=== Assignment ===
From the line containing "An elegant jade" to the last line of the data below, copy everything exactly and nothing else; pictures stay out.

=== Input data ===
********

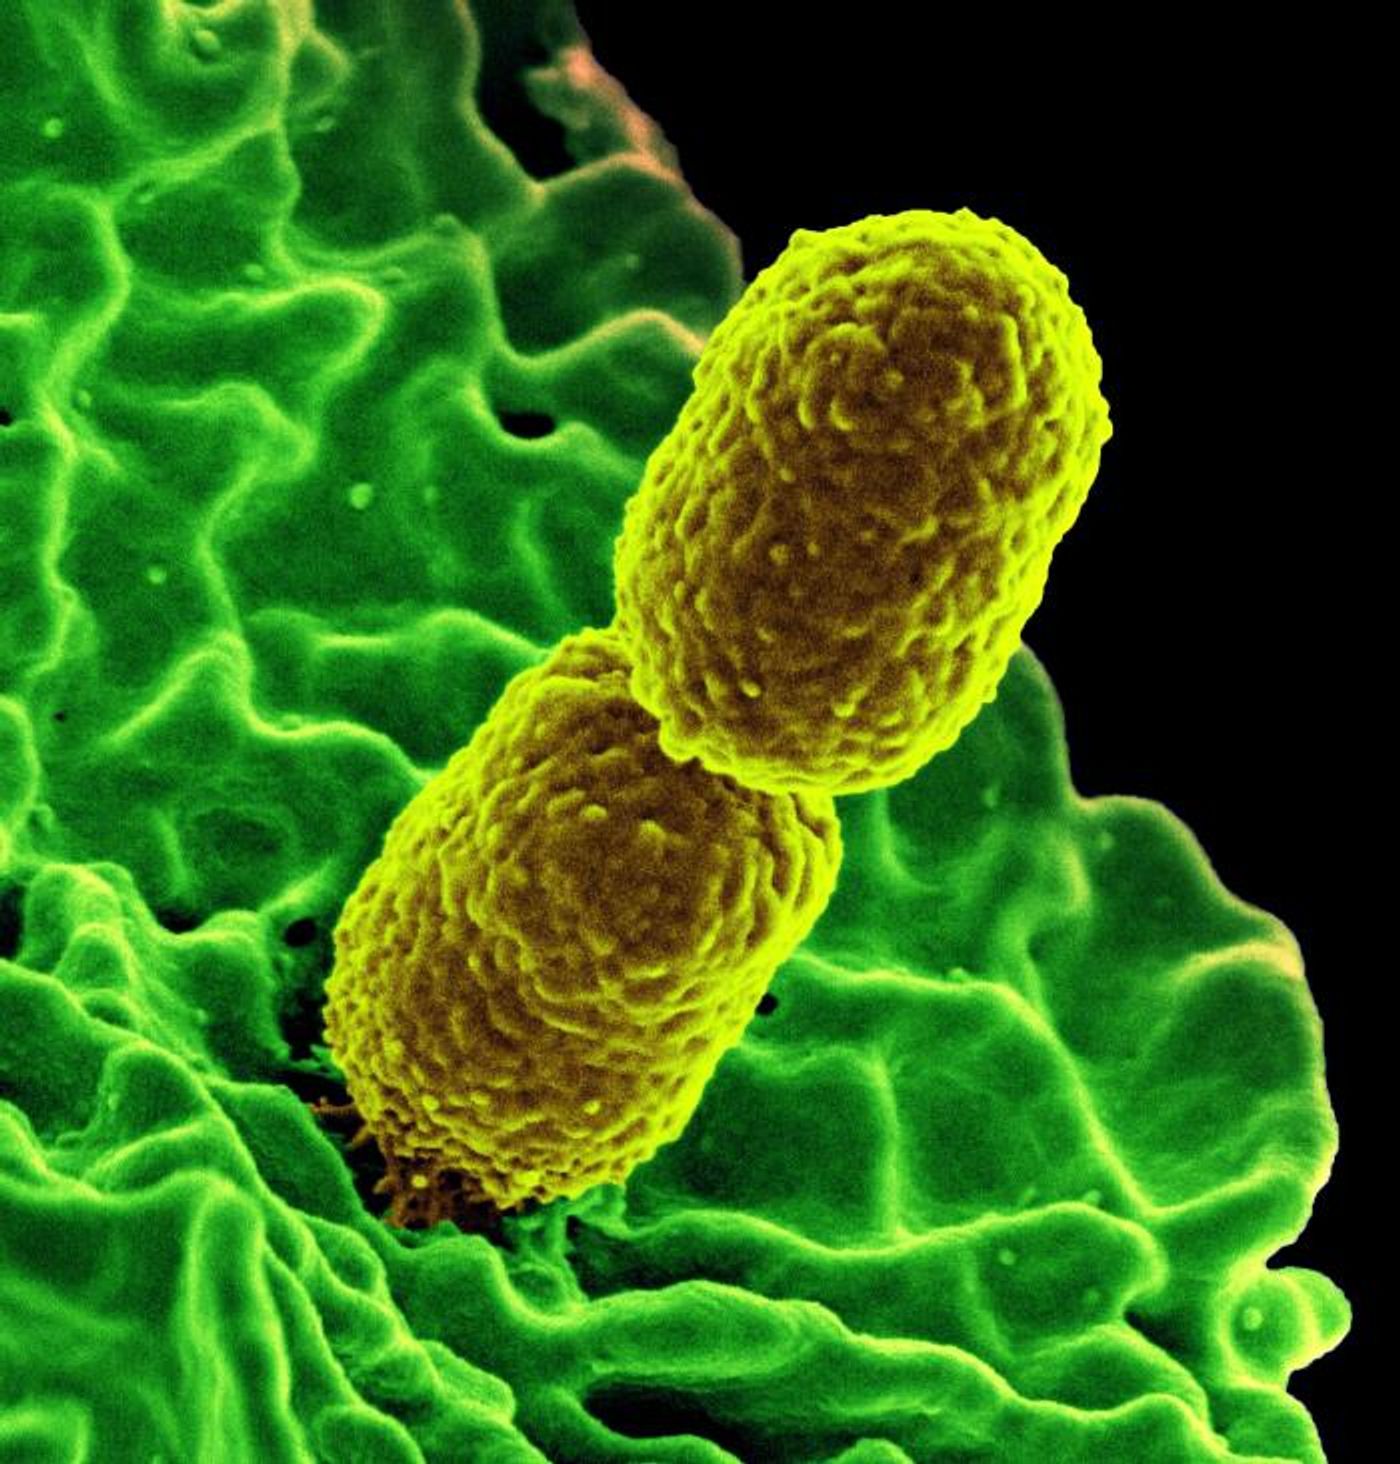 Produced by the National Institute of Allergy and Infectious Diseases (NIAID), this A digitally colorized scanning electron microscopic image of two, mustard-colored, rod-shaped, carbapenem-resistant Klebsiella pneumoniae (CRKP) bacteria, interacting with a green-colored, human white blood cells (WBC), known specifically as a neutrophil. / Credit: NIAID
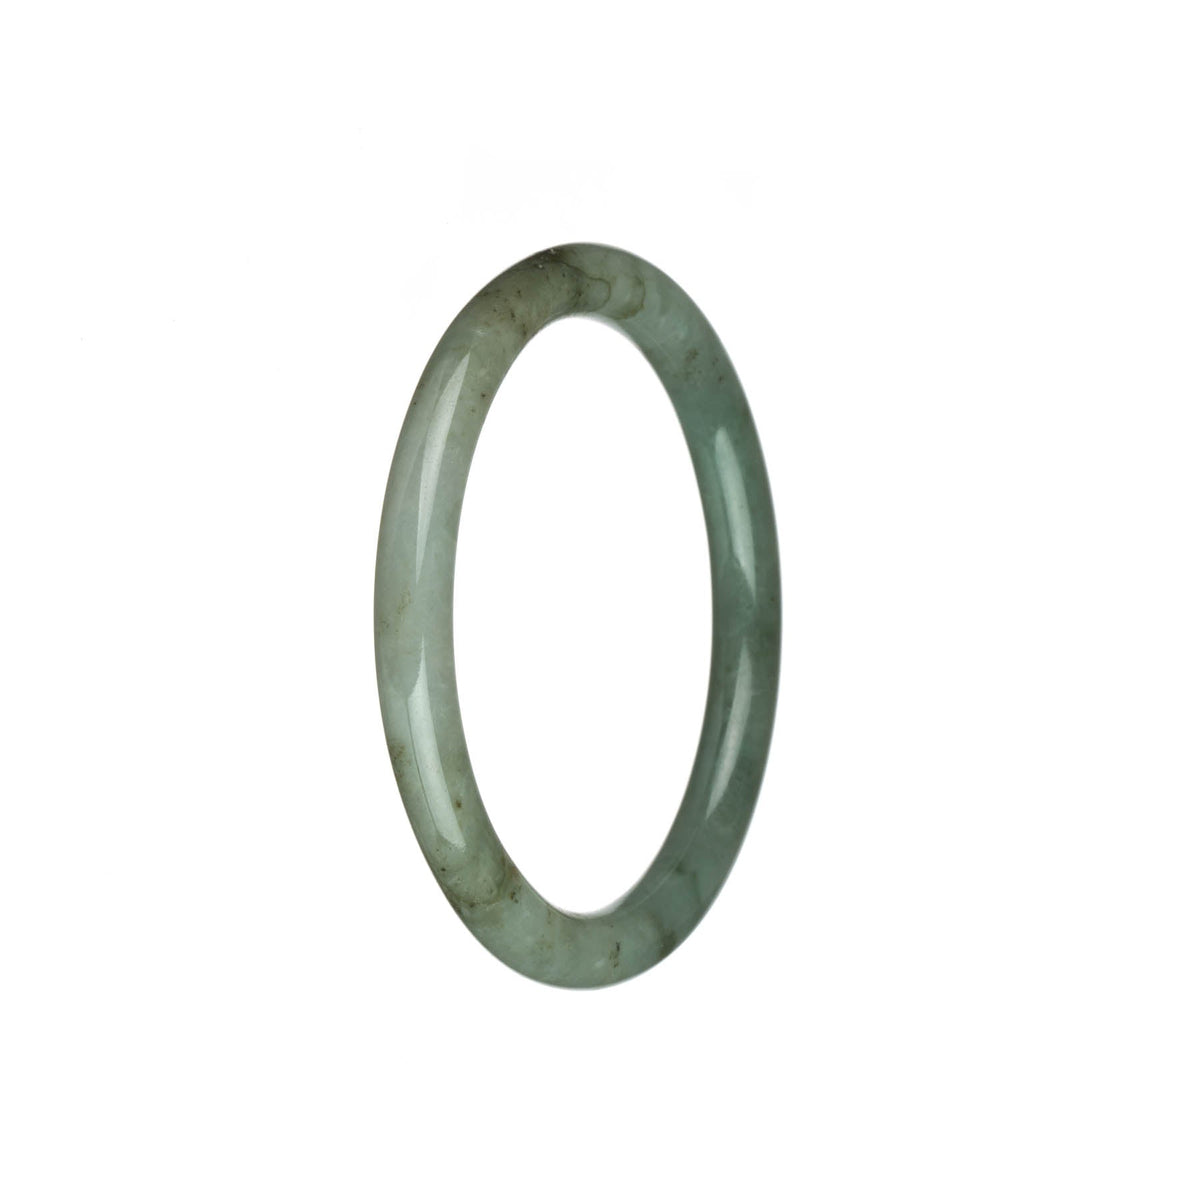 An elegant jade bracelet made from real natural green and pale green jadeite. The bracelet features petite round beads measuring 57mm in diameter. Designed by MAYS.
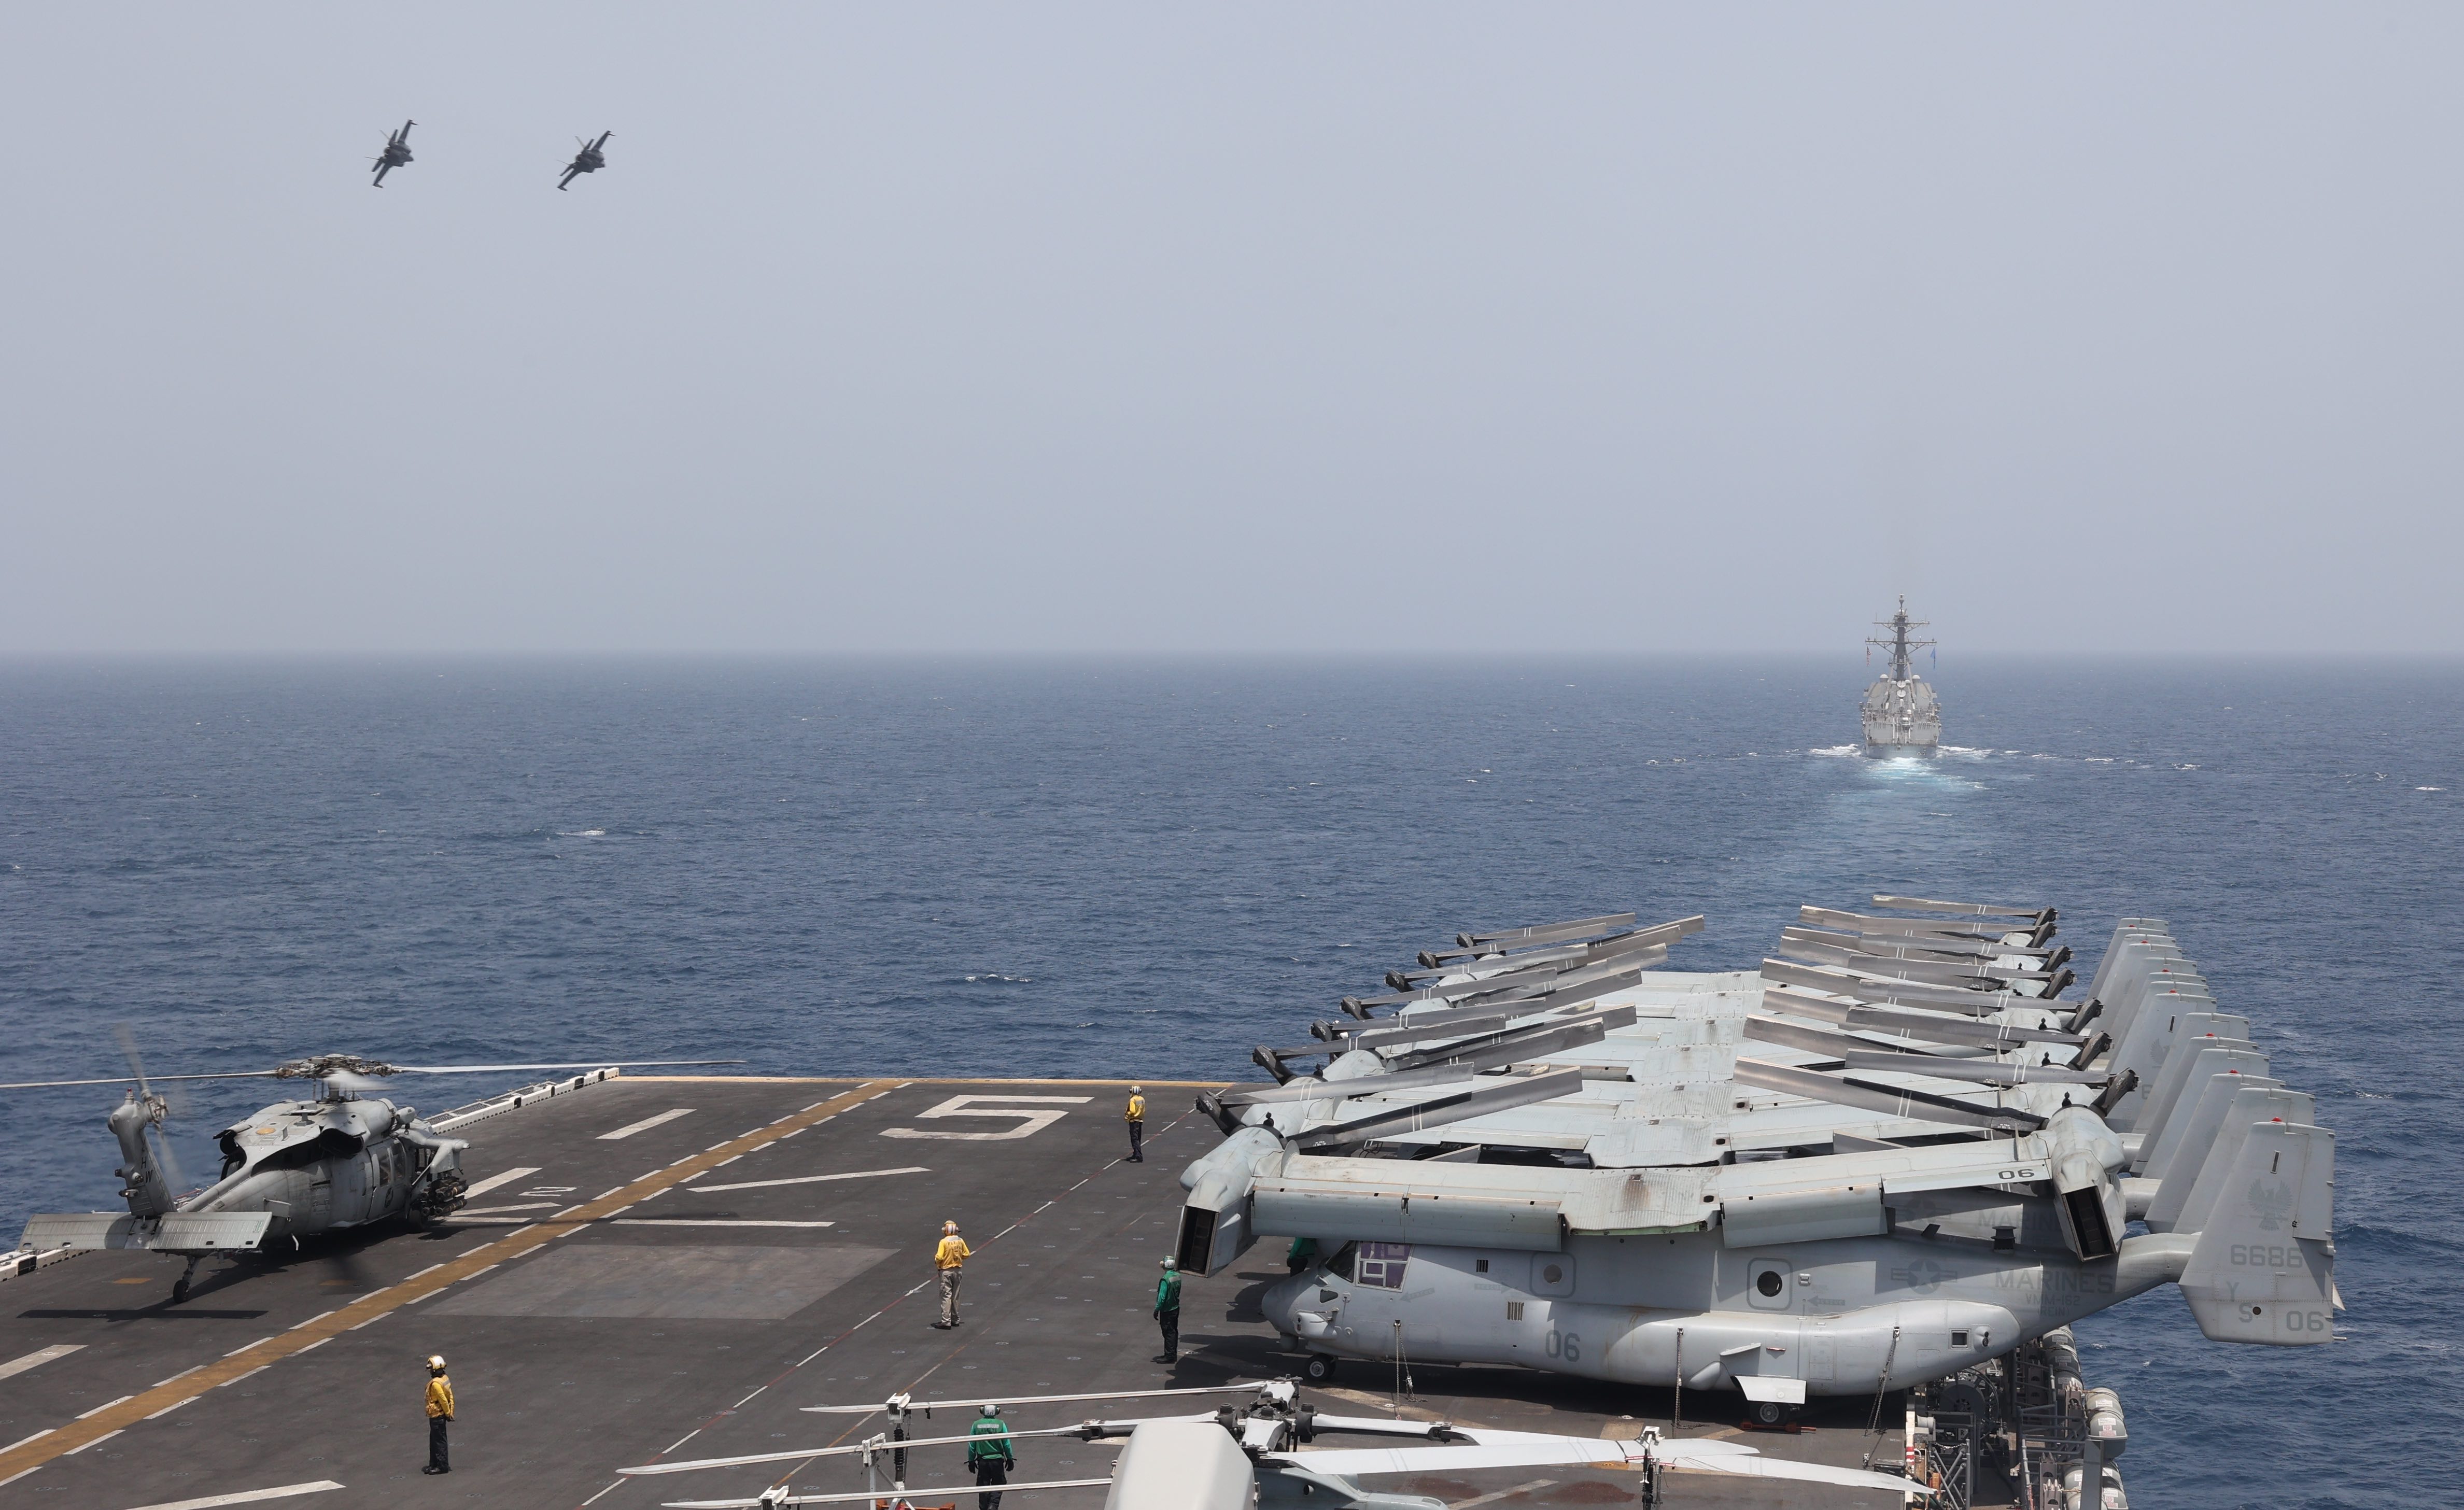 Uss Bataan Uss Carter Hall And 26th Meu Now In The Persian Gulf Usni News

********

=== Finished exercise ===
 An elegant jade bracelet made from real natural green and pale green jadeite. The bracelet features petite round beads measuring 57mm in diameter. Designed by MAYS.
 Uss Bataan Uss Carter Hall And 26th Meu Now In The Persian Gulf Usni News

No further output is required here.